OTOH, the Mac uses a stack of alarms set to specific points in the future, and polled in order as they occur. So the difference on Mac OS is that there's no skipping the queue, it's rather "there is no queue, we'll call you when it's your turn".
I don't know the details of the OpenBSD scheduler, but it's very likely the same (clock tick) method as used by the rest of the susceptible OS'es.
"Good news, everyone!"
The paper is quite long, so here's a summary (take this with a grain of salt, who wants accurate information should still RTFP):
Most OSes (Linux, Solaris, Windows but not Mac OS X) are tick-based. This means that the kernel is called from hardware periodically (this is the "HZ" value you set in the Linux kernel). Some of them (Linux) simply check which process is running at each tick and compute statistics based on that ("sample-based statistics"). This means that the process running when the tick happens is billed for the entire period of the tick.
Since ticks are typically "long" (typically 1-10 ms on Linux) more than one process may run during this period. In other words, using this approach leads to inaccuracies in the process billing.
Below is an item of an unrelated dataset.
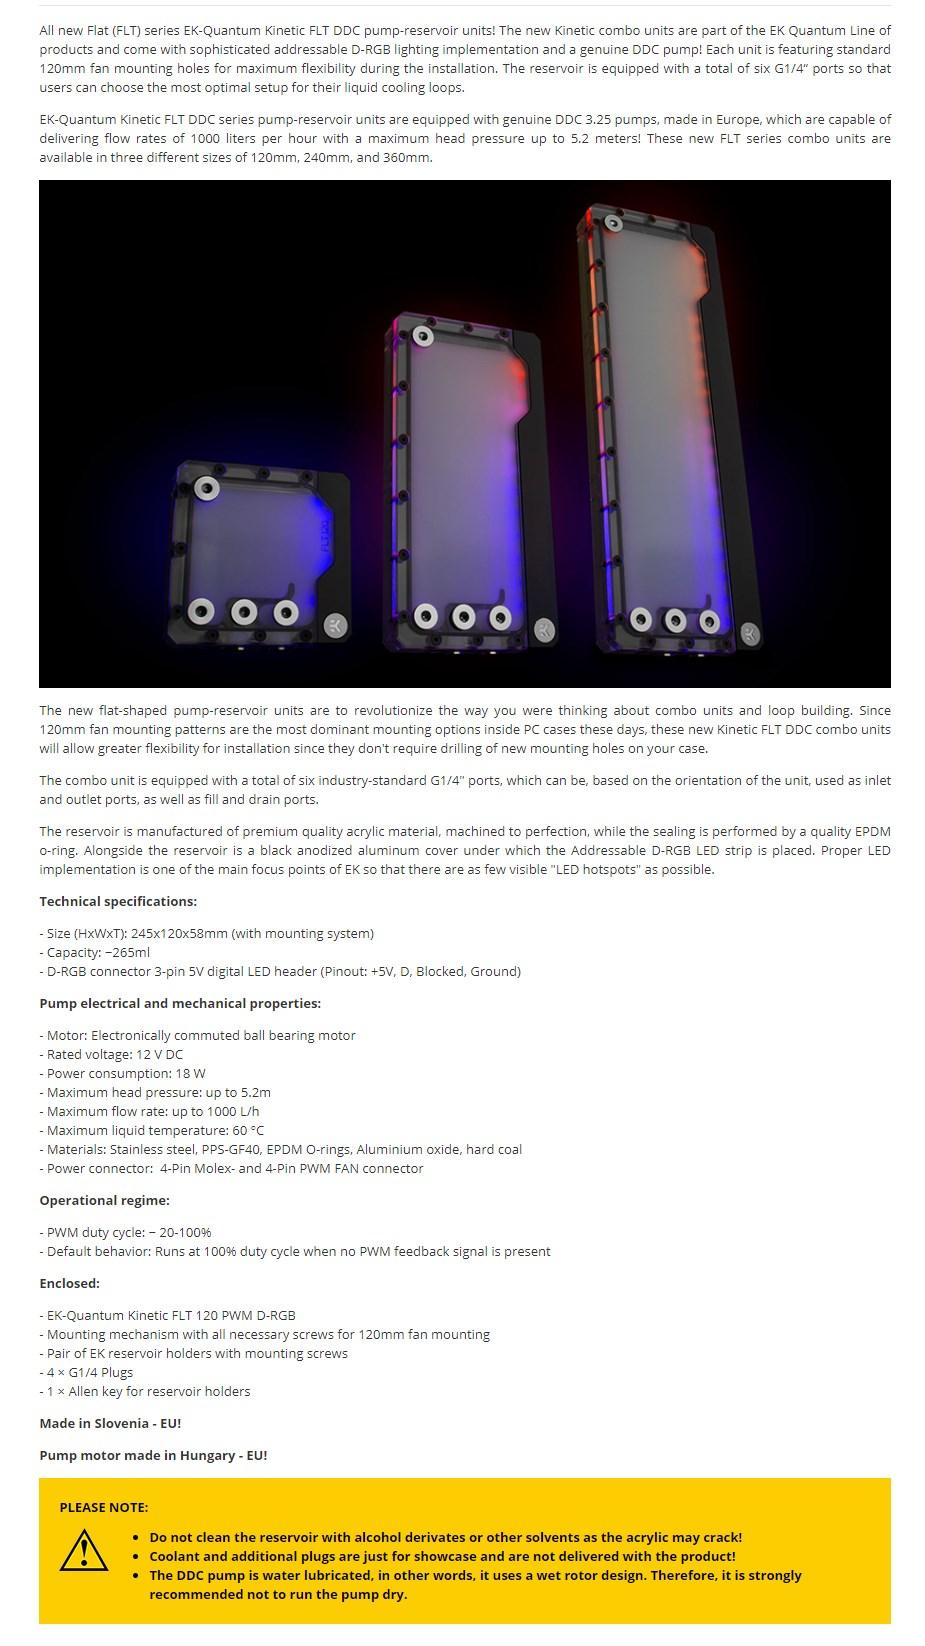 EKWB EK-Quantum Kinetic FLT 240 DDC PWM D-RGB Plexi Reservoir Pump Combo - Overview 1
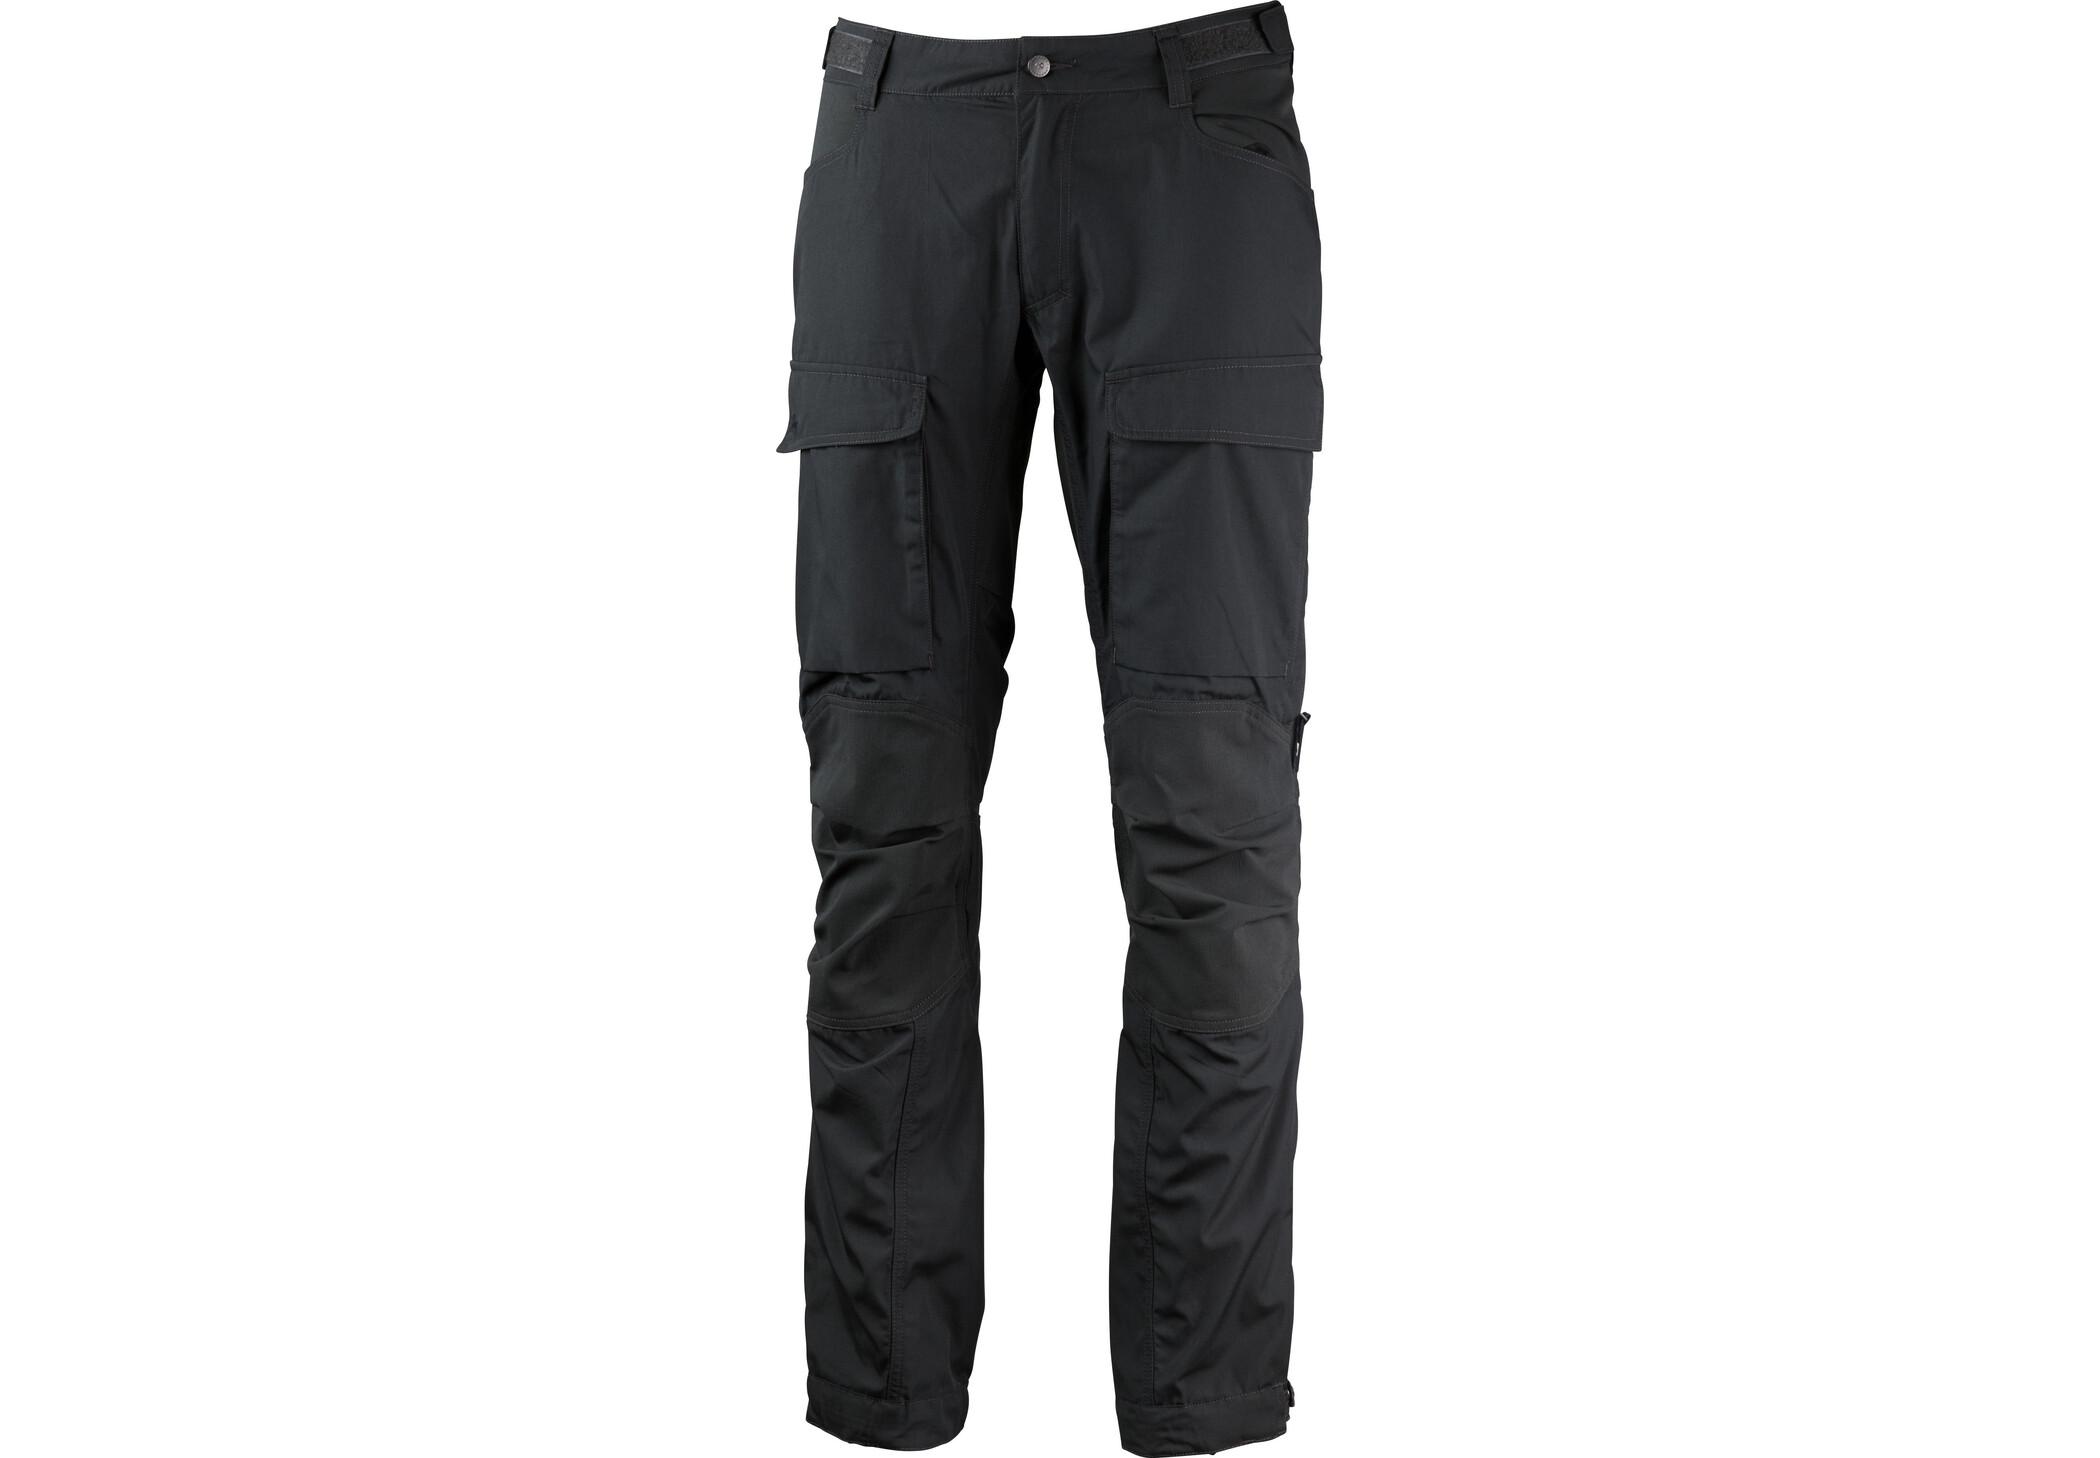 Pantalones De Trekking Y Senderismo Campz Es

If all programs "play by the rules" this works quite well on average though.
Next thing: the classic schedulers typically maintain some sort of "priority" value for each process, which decreases whenever the process is running and increases when it's not. This means that a process runs for some time, its priority decreases, and then another process (which hasn't been running for some time) takes over.
You can exploit that by always sleeping when a tick happens and running only in-between ticks. This makes the kernel thinks that your process is never running and give it a high priority. So, when your process wakes up just after a tick happened, it will have a higher priority than most other processes and be given the CPU. If it goes to sleep again just before the next tick, its priority will not be decreased. Your process will (almost) always run when it wants to and the kernel will think that it's (almost) never running and keep its priority high. You win!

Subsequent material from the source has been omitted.